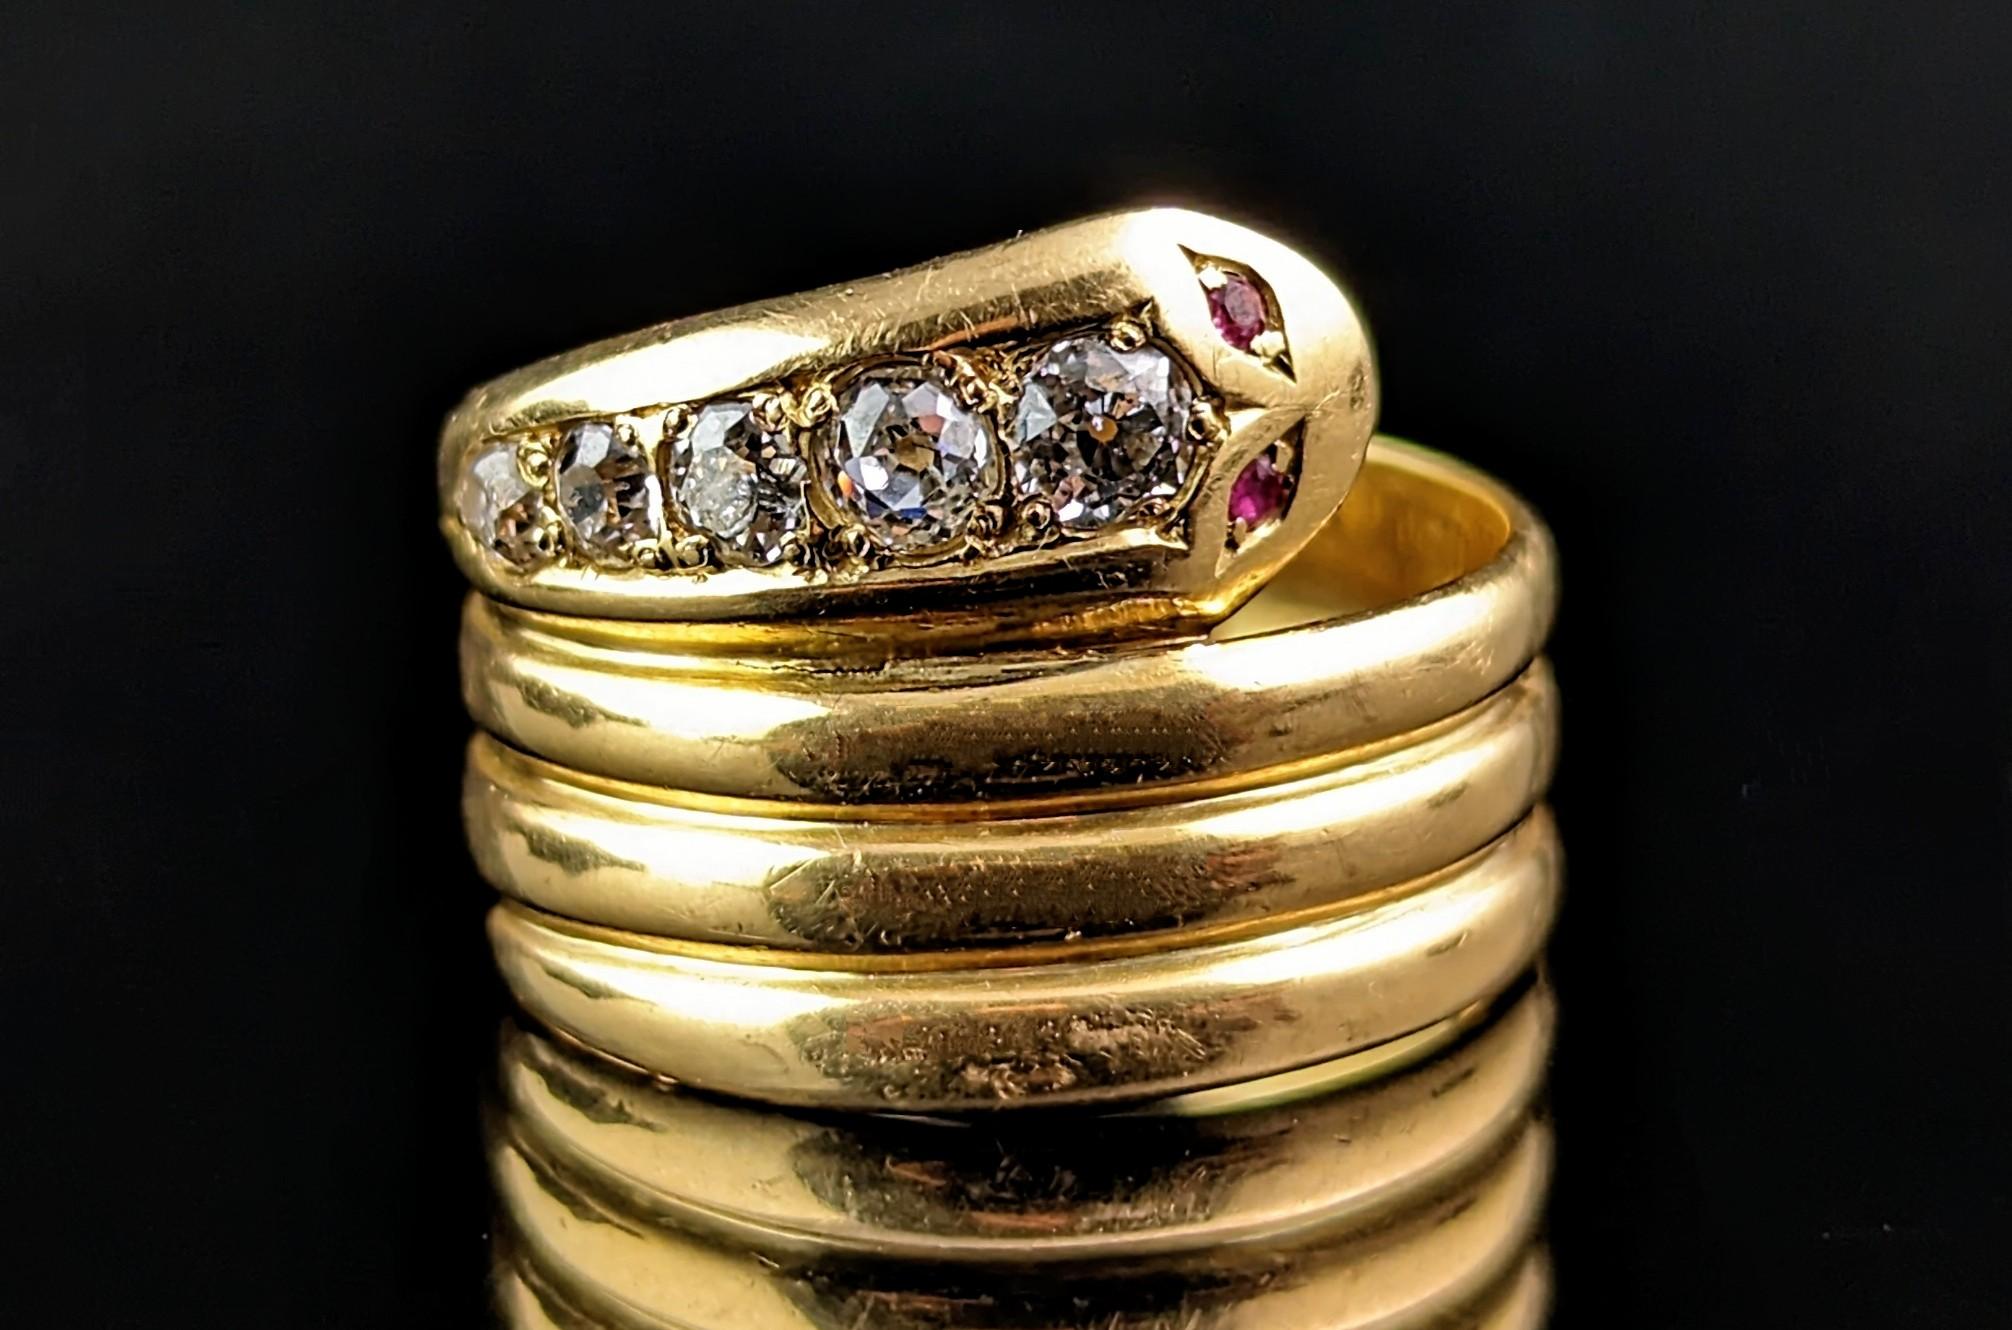 You can't help but be charmed by this impeccable antique, Art Deco diamond and Ruby snake ring.

Coils of rich, buttery yellow gold form the body of this fine fellow which curves around the finger effortlessly, the head resting at the top and loaded
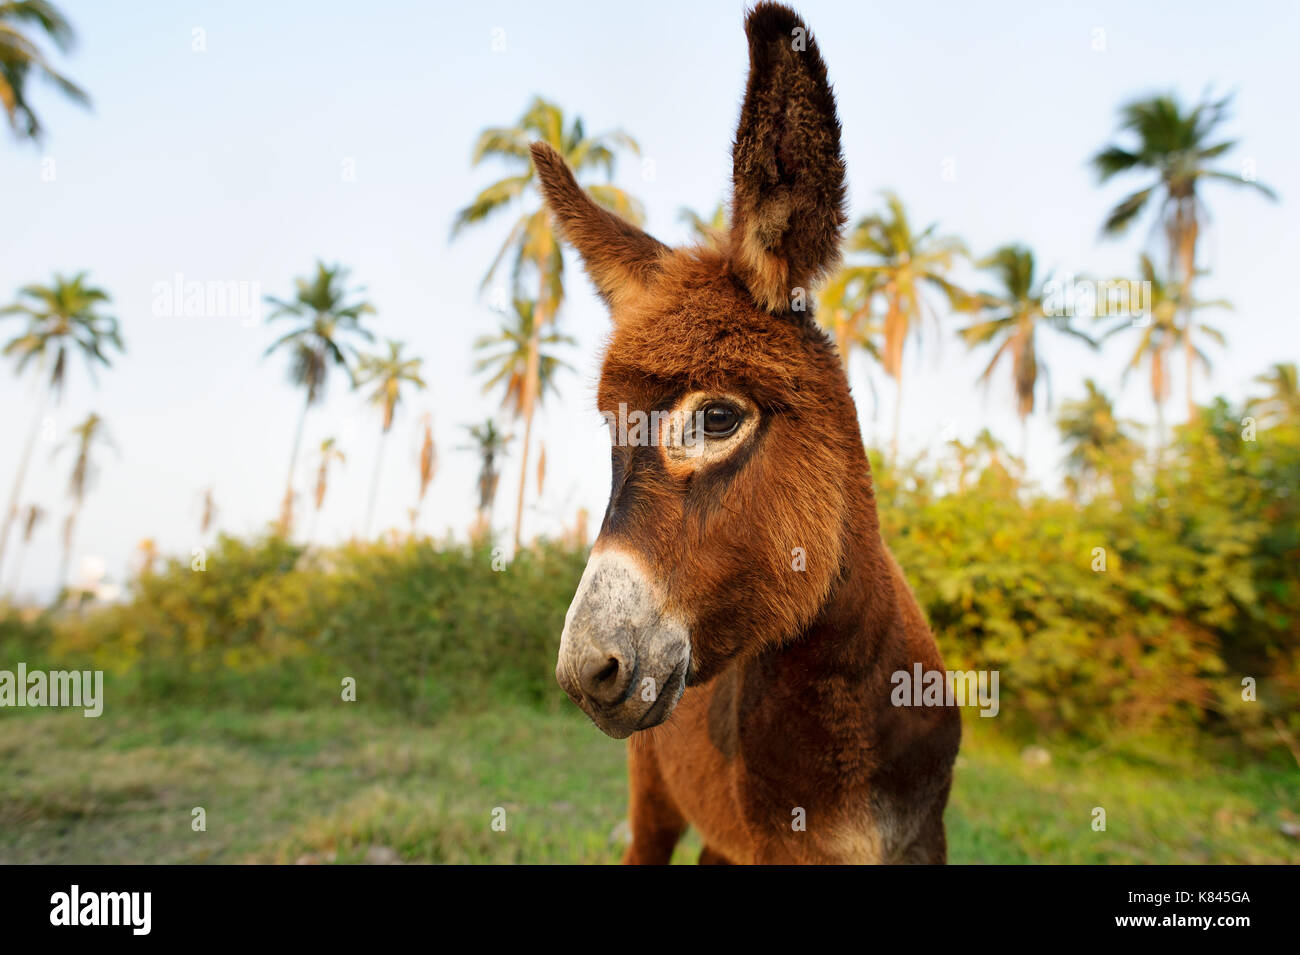 Donkey baby is a cute curious shy baby donkey with great big adorable floppy ears looking right at you. Stock Photo

### What is needed
The data above needs to be retyped exactly, with the images left out.

### Response area
 You can't help but be charmed by this impeccable antique, Art Deco diamond and Ruby snake ring.

Coils of rich, buttery yellow gold form the body of this fine fellow which curves around the finger effortlessly, the head resting at the top and loaded
 Donkey baby is a cute curious shy baby donkey with great big adorable floppy ears looking right at you. Stock Photo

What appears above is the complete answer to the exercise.